Correspondent's Choice

This story about farm waste was published by EurActiv on 23rd September 2010.

Collecting agricultural residues could prove a lucrative business for Europe’s farming sector if EU policy were to offer the right incentives for using biomass to produce biofuels.

Harvesting agricultural residues that are normally left to rot in fields and turning them into next-generation biofuels could generate up to €31bn for the EU economy by 2020, according to a new study released by Bloomberg New Energy Finance last week (14 September).

Moreover, it could revitalise the ailing farming sector by generating up to a million man-years of employment across the 27 member states over the next decade, most of them in rural areas, it said.

The report, supported by Danish biotechnology giant Novozymes, estimates that the 27 EU member states will have somewhere between 250 and 300 million tonnes of agricultural residues to convert into bio-products if current land use patterns are retained.

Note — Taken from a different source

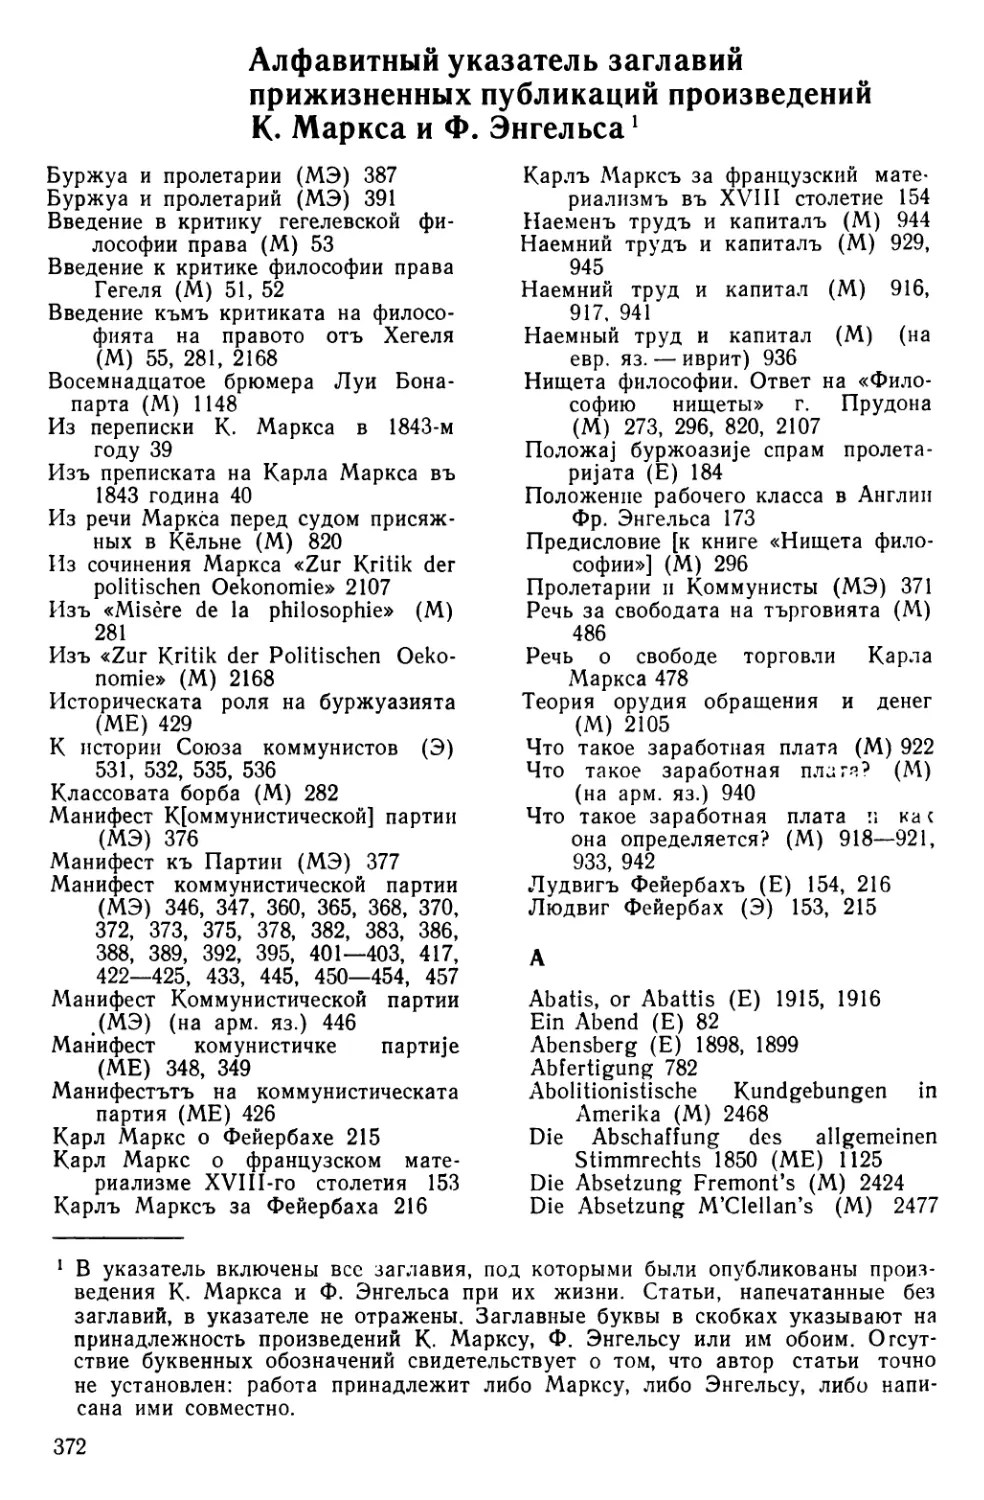 Алфавитный указатель заглавий прижизненных публикаций произведений К. Маркса и Ф. Энгельса

The greatest biomass supply potential lies in Europe’s agricultural powerhouses France and Germany, the report states. Central and Western European member states as a group contribute about a quarter of the total potential, it adds.

Wheat straw, sugar beet residues and barley straw will be the top agricultural contributors to the EU’s biomass potential up to 2020, it states. Agriculture would supply 80% of these biomass residues, complemented by forestry and municipal solid waste.

If most residues were collected instead of being left to rot in fields, they could be processed into 75bn-90bn litres of next-generation ethanol, Bloomberg estimated.